We are to test all things. All. Things. Nothing should get into our heads or the heads of our children before it is put to the biblical test.
You can also check out Ephesians 5:8-11 and Romans 12:9. Honestly, Paul makes the case in many places for the need to be on our guards. To not accept things at face value. And to stand firm on the Word.
Let me add here that should someone take the time to study the scriptures and prove me wrong, I would gladly–yes gladly!–change my mind. I know many of you feel the same way. You, along with me, are committed to scriptures and not to your own opinions.
We get no joy out of pointing out false teachers or spending time focused on compromised celebrity Christians. No joy at all. In fact, it deeply saddens us. Those of us who truly have a heart for discernment and see the big picture of what’s going on are not relishing this at all. We are heartbroken at the direction it’s all going and totally baffled that so few people see it.
The question so many of us wonder is why do we so often encounter Christians who are utterly unwilling to look at any proof we may offer regarding a popular book or author or preacher that shows clearly that they are not teaching truth?
And what do we do with this?
What can we do?
We can’t change their minds. Just as we can’t make a reporter do research before printing something as truth in a local newspaper, so we can’t make a Christian study the scriptures and fill them with conviction about their favorite author.

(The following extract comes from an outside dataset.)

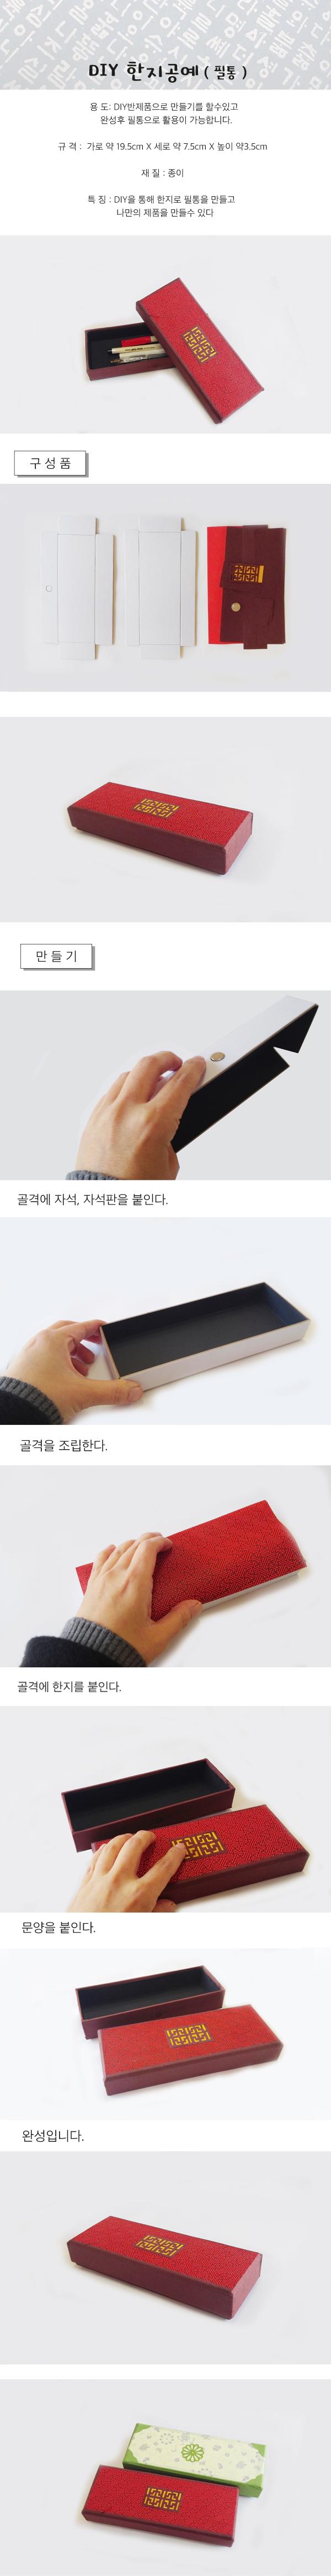 DIY 한지공예 자석필통 만들기(붉은색) - 대문닷컴, 6,000원, 화방지류, 한지공예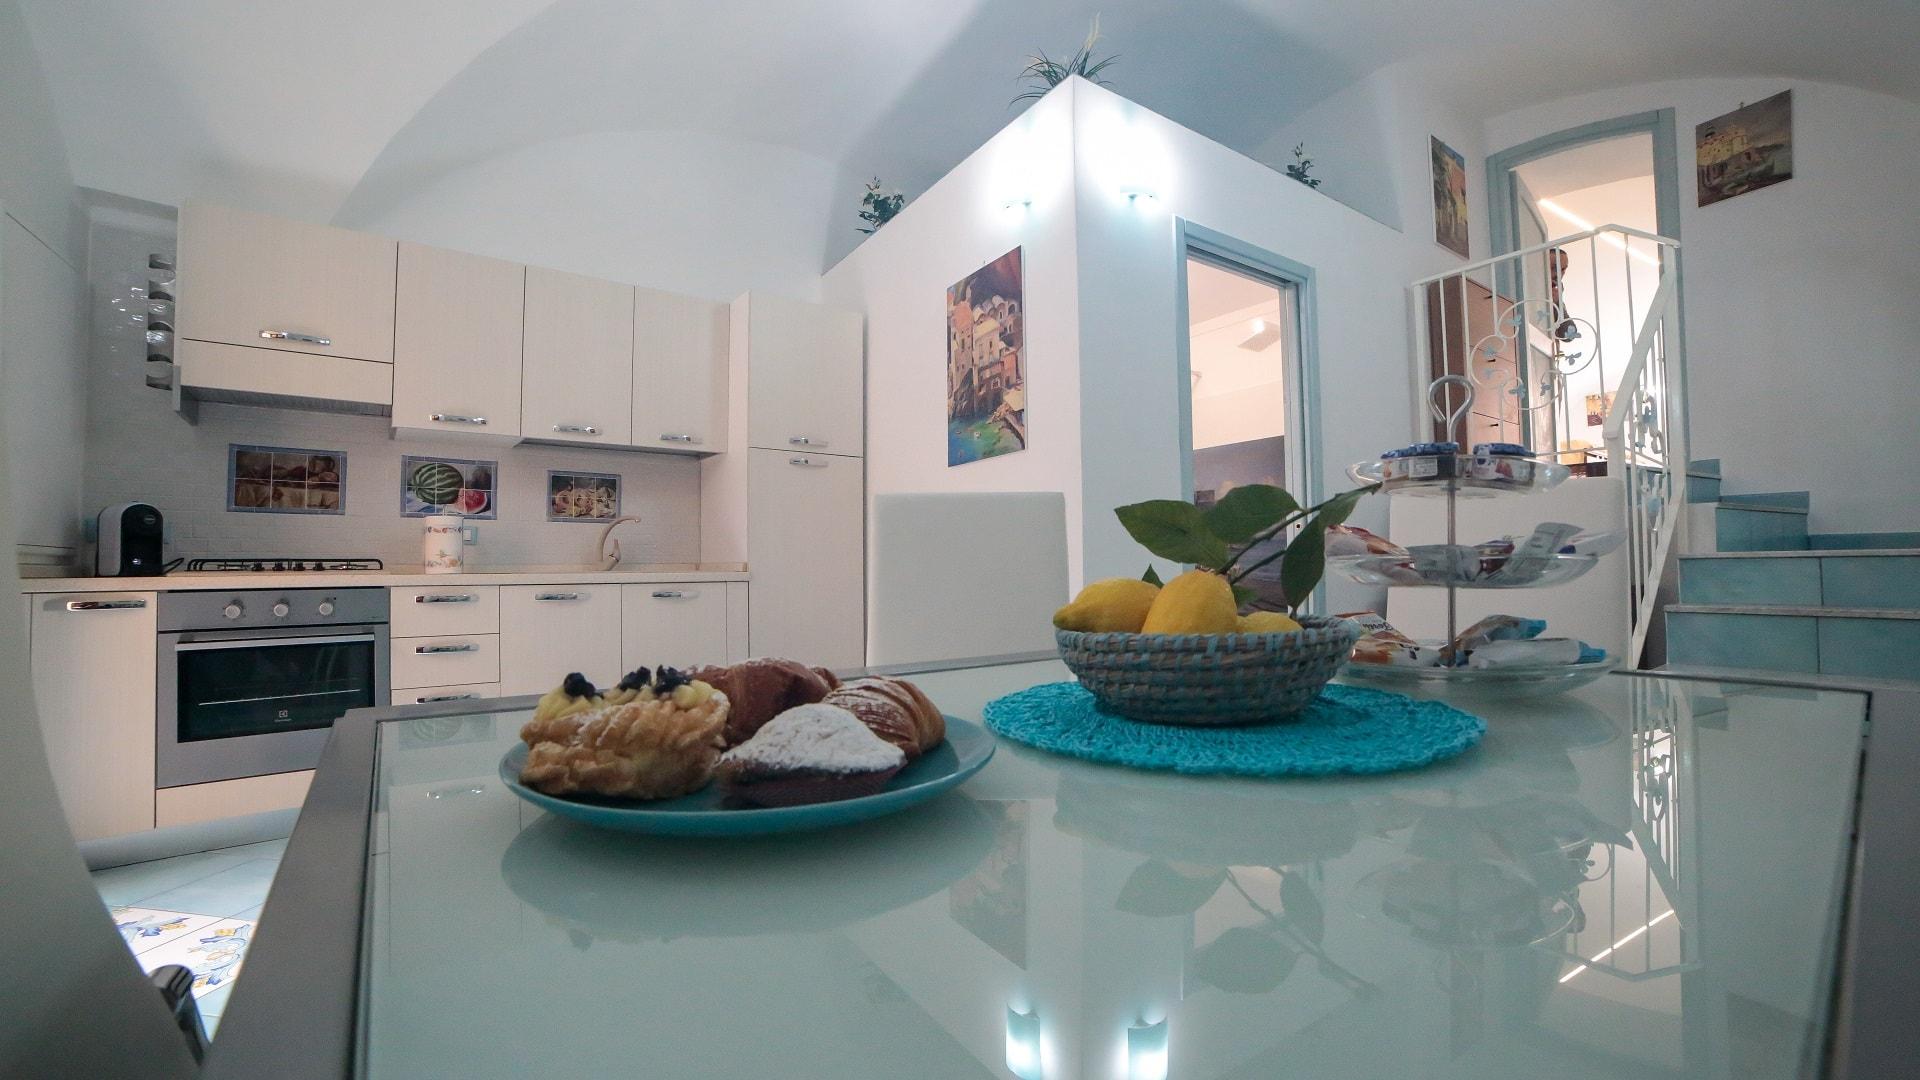 Appartamenti costiera amalfitana qualeatalian amalfi coast for Appartamenti amalfi

It’s probably one of the hardest things we encounter, quite frankly, this stubborn refusal to see the danger with nary a glimpse at the biblical proof.
I’ve learned there isn’t really anything we can do. We can speak up once or twice. And we can pray.
Until a person is willing to open their eyes to the truth of the state of Christianity in this current culture, there is nothing else we really can do. And to try to do more will often destroy relationships.
But every now and again, God will put someone in our paths who wants to know. Someone who is willing to lift their head out of the sand and face the truth of what’s going on in popular Christian culture. These are the ones we have the joy of serving.
And it is a joy, isn’t it?
If someone would have told me even ten years ago that I would be here–ridiculed and hated for presenting clear proof of the departure of favorite teachers and authors from the scriptures I am not sure I would have believed them. It has changed so fast it makes my head spin. So few people unwilling to see the truth. So few people who care about discernment at all. And then there are those self-proclaimed discerners who care more about attacking and maligning people than they care about God’s Word–destroying and ruining the reputation of anyone who would even lean that way.
It’s a frustrating place to be. And many have backed away because it is just too painful. I get it. I have, too, to a certain extent. And yet, Satan would like nothing more than for us all to back away and let it all happen right under our noses.
Someone once said–
The only thing necessary for the triumph of evil is that good men do nothing.
Let us not be good men and women who do nothing. Let us gather strength from each other and encourage one another on in this road that God has put us on. And may we remain passionate about staying true to God’s Word. May we never be about our own glory or about ripping people apart. May being unkind never be a part of our ministries. May love be the heart of our ministries.
Stay strong, my friends. The train has left the station, so to speak, and Christianity will never be the same again.
I’ll close with a familiar story–
A boy and his Grandpa were once walking on the beach where thousands of starfish lay marooned. The tide had gone out and left them helpless. They would dry up and die without intervention. The Grandpa started throwing the starfish back in the ocean one by one.
The boy, scanning the ocean shore, said, “you aren’t really even making a difference.”
Grandpa replied: I am making a difference for that one.
One by one, we, too, can make a difference.